Friday, September 3, 2010

The Ups & Downs of Guitar Multi-Effects Pedal

Have you ever had the boys on stage with a million effects pedals placed at their feet? Patch Cables like a bed of snakes crawling through a maze of distortion, delay, chorus, flange, wah is happening, envelope filter, octave divider, EQ, tuners, and the list.

How do they make sense for those who stomp boxes? How long it takes, just to connect a first appearance? Can you really use all during a night? Heck, they even large, football fieldSize, crank, so you can attach a cornucopia of pedals with Velcro, and power all from one source. Do you really need all these sounds?

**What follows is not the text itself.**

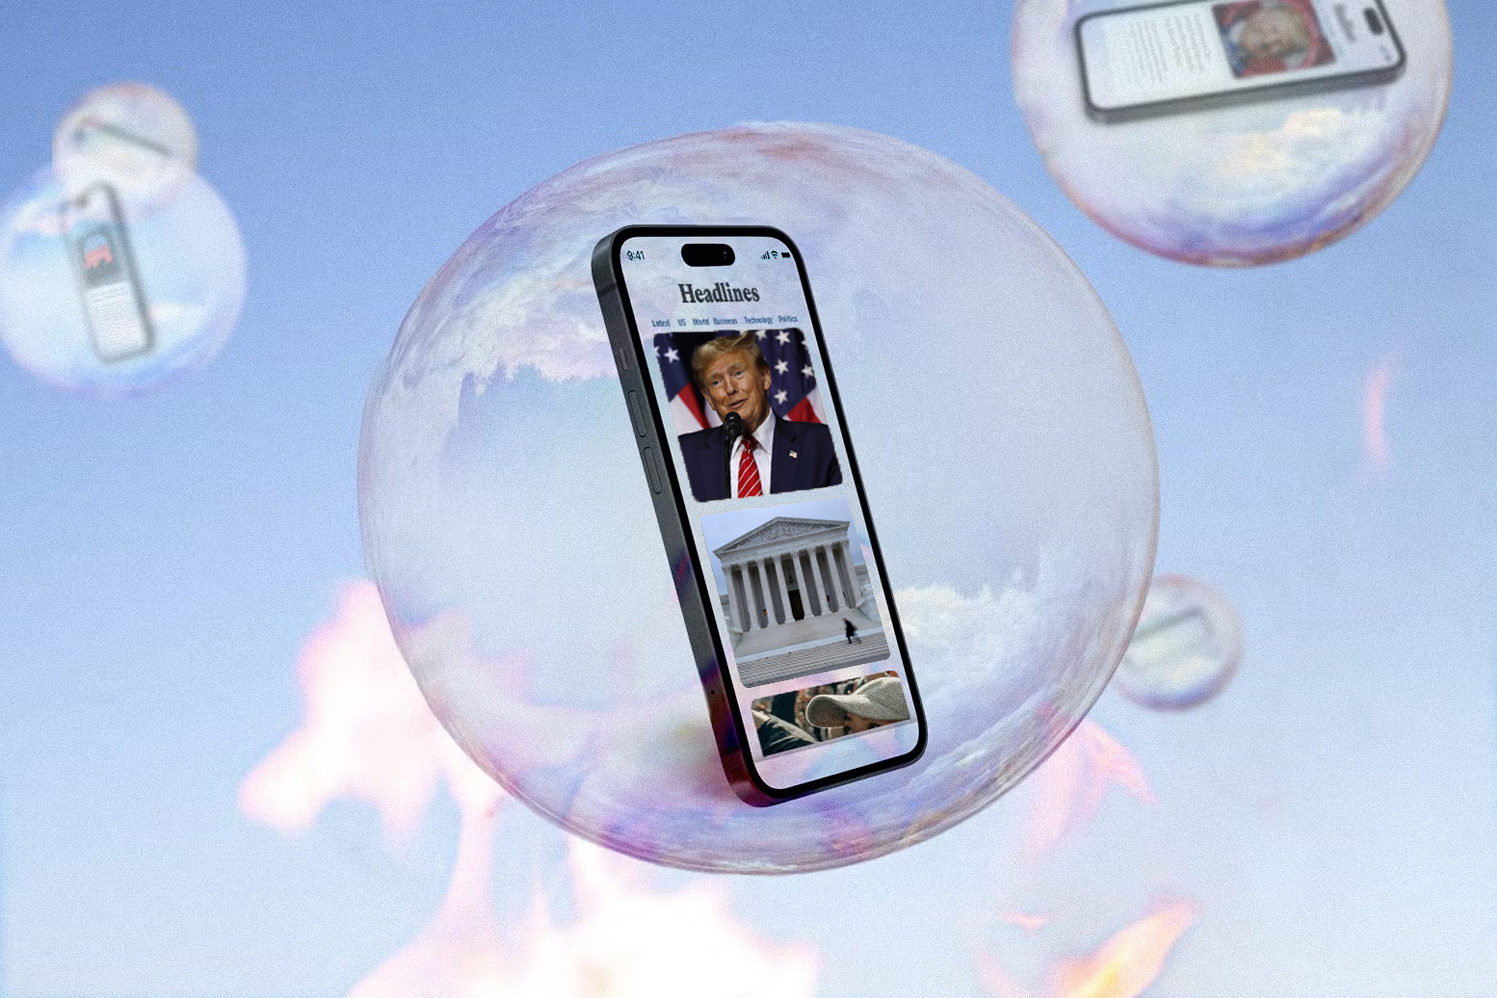 A phone with news headlines on the screen, trapped inside of a bubble.

Okay, I admit, there was a time, years ago, that I'm an addict "Stomp Box", and bought all the new fangled pedals came out. Yes, I had a pedal. And yes, the rest of the band was to set up and ready for sound check before you have optimized all the pedals and connect!

Then came the digital age and allchanged. Legions of engineers pedals designed with a variety of effects in a compact package built. Suddenly the need to purchase a variety of different stomp boxes, was deleted.

Even many guitarists still prefer to use analog stomp on their digital counterpart. Talk to ten different guitarists and you get different answers in about a dozen other.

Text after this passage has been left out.